Women and men are certainly different. Women have long eyelashes. And that is the only difference between men and women. Sometimes I get together with some of the fellows for a “snort,” and my goodness, we just go on and on about it.

The other night it was me and Jimbo and Stan, down at the lodge hall. “Do you think they’ll ever let a woman fly an airplane?” Jimbo asked reflectively.

“Hell, no! Their eyelashes are too damn long,” Stan opined. He has lots of opinions and loves to opine!

Gus arrived late—as usual! He asked us what we were fussing about this time.

“Women,” said Stan with his characteristic grunt.

“Gender is performative,” said Gus.

All of a sudden we realized he was right. So then we had to find something else to talk about. I don’t suppose there is anything more satisfying in the world than a cold beer with a couple of trusted old friends who are in the mood to shoot the breeze.

“Hey, guys, remember that time we found a pencil?” said Jimbo.

“Good times,” said Gus.

Even Stan had to admit it was great when we found the pencil that time.

When you’ve been around the same people all your life, in the same little town, you build up a treasury of simple pleasures that is worth more than all of the gold of mighty kings. I remember just sitting there looking at Stan’s face, thinking, I know every wrinkle and pockmark on that surly pan of his. He has this one eyebrow hair that’s not even attached to his other eyebrows. It kind of grows out of the side of his head, next to his other eyebrow hairs. I don’t even think he knows he has it. It just gets longer and longer. I can’t even believe it. It’s literally making me physically ill to look at it. Why didn’t I accomplish something with my life? Oh well! Too late now!

“That pencil was so sharp!” said Jimbo. “I can’t believe somebody could drop a pencil on the sidewalk and the lead wouldn’t even break. You could still write with it, no problem.”

“Do you still have it?” asked Gus.

“I lost it,” said Jimbo.

Typical Jimbo! We all had a good laugh, Jimbo included.

“You know, that’s not really lead they use in pencils,” said Stan. “I think it’s graphite or something.”
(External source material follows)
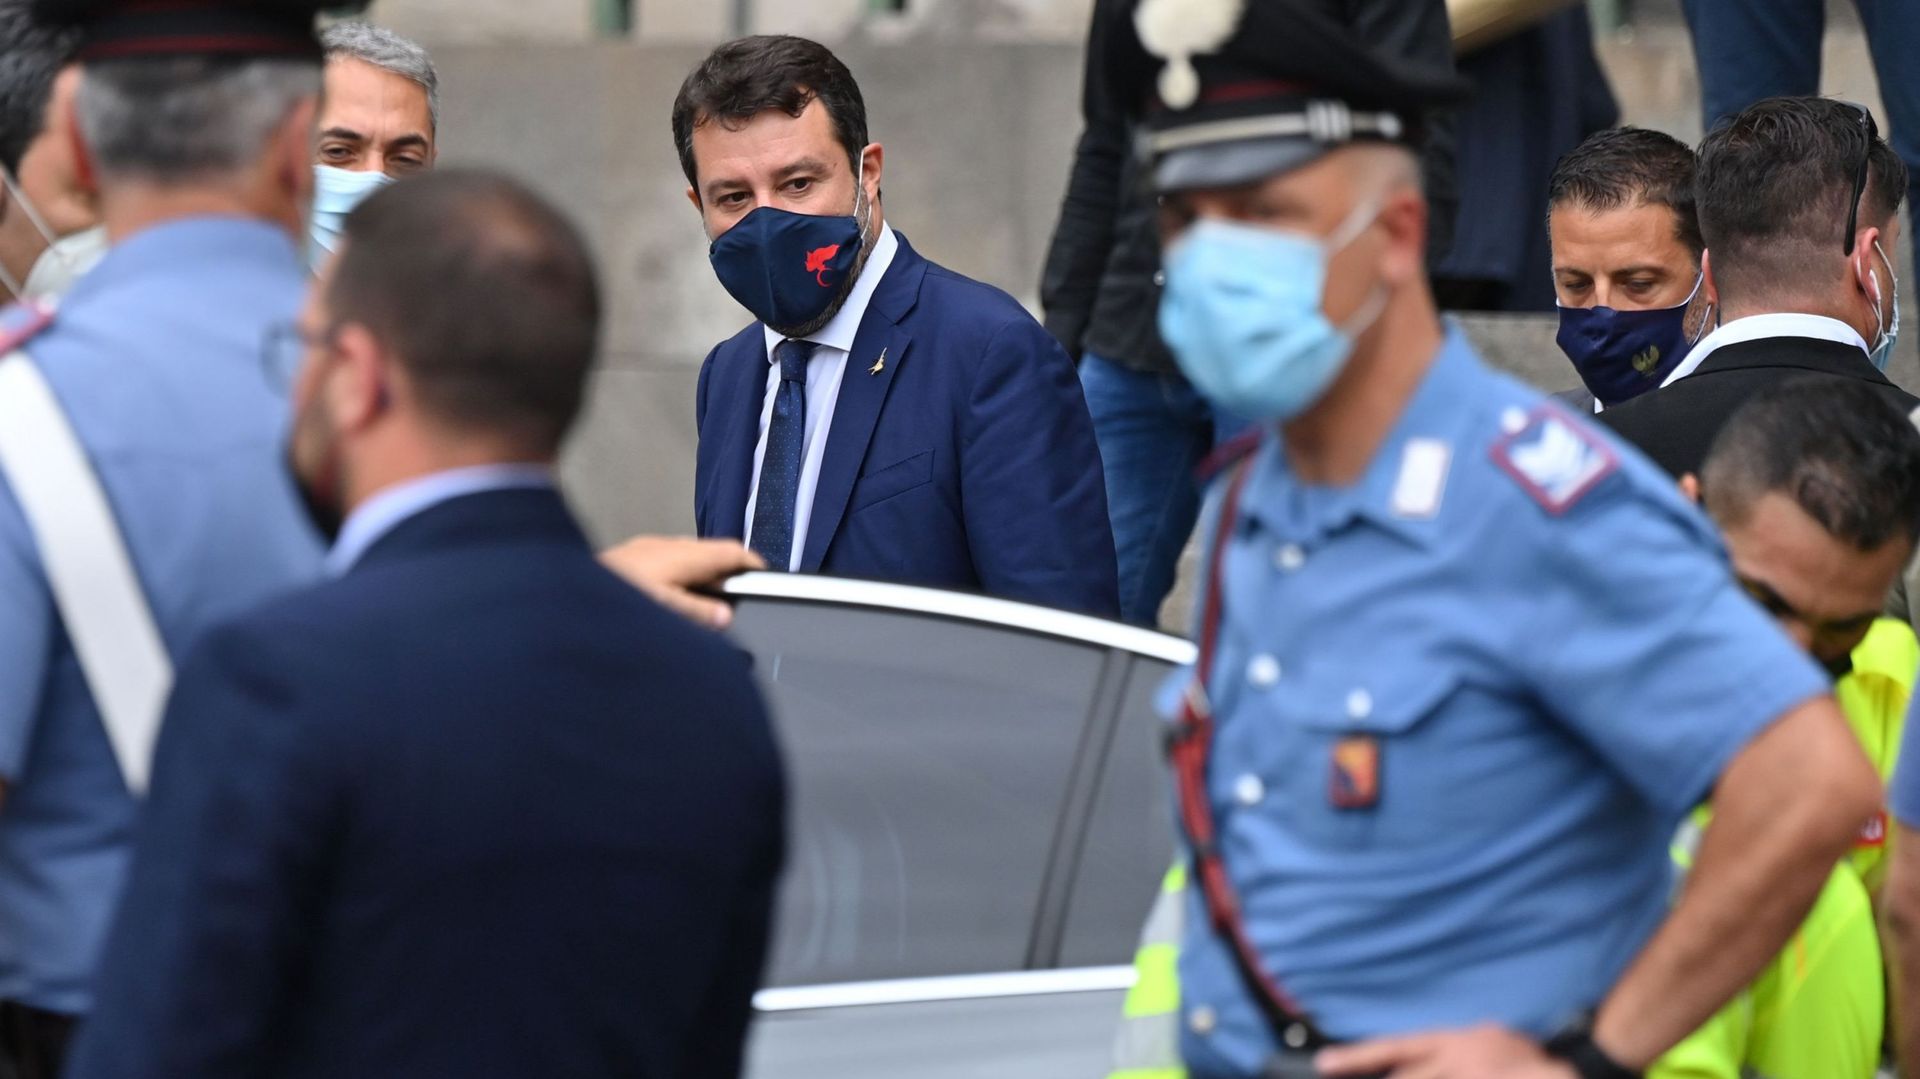 Matteo Salvini doit-il être jugé ? Le tribunal de Catane reporte son audience au 20 novembre

“Old Professor Know-It-All,” I said joshingly. “Where’d you hear that, on your computer programs and whatnot?”

Stan knew I really “had his number.” Another round of laughter rang through the night.

“Do you still have that piece of pencil lead in your knee from second grade?” Gus asked me.
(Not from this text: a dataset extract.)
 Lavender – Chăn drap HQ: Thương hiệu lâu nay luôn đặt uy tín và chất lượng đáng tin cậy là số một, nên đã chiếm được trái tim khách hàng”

“Don’t you mean graphite?” I kidded.

“Stop riding me!” Stan shouted, his mouth suddenly awash in froth.

“Easy there, Professor Sensitive Head,” I prodded. “You just don’t know when to let it go!” insisted Stan.

He came at me. I sidestepped him easily and he stumbled, striking the back of his head on the corner of a large oaken podium and dying instantly.
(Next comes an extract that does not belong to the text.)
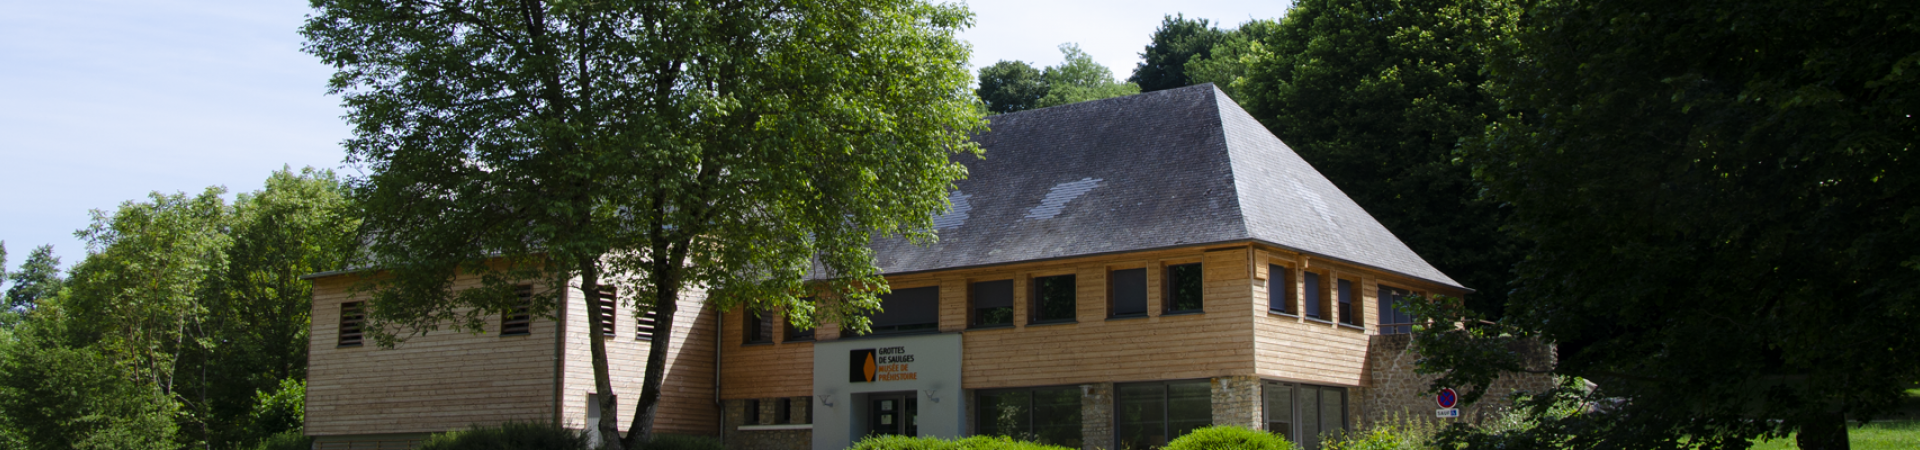 Musée de préhistoire à Saulges en Mayenne

Jimbo, Gus, and I made a solemn pact never to reveal what happened that night. We took Stan’s lifeless body down to the edge of the swamp and rolled it in.

“Stan may have been an ornery cuss,” said Jimbo when it was over, “but when all was said and done, he was a man.”

“Jimbo, you’d be the first to crack,” said Gus. “You’re weak! Weak!”

Suddenly Jimbo stabbed Gus to death with a pencil. I didn’t see that coming! I thought it would be the other way around.

“You saw it!” cried Jimbo, weeping fulsomely and grabbing me by my soiled lapels. “He was going to kill me first!”

“I thought you said you lost that pencil,” I said.

“I did,” replied Jimbo. “This is another pencil.”

Suddenly hands came up from the swamp and grabbed Jimbo’s legs.

It was Stan!

“Stan, thank goodness, I thought you were dead,” I said.

“Wrong again,” joked Stan.

“Then I killed Gus for nothing,” remarked Jimbo good-humoredly.

“Nope,” said Gus, waving merrily from atop a cypress root. “I’m alive, too, no thanks to you chumps!” He folded his arms and pretended to be cross.

“Guys, this is hilarious,” I said. “Do you know what I forgot until just now? It’s my birthday!”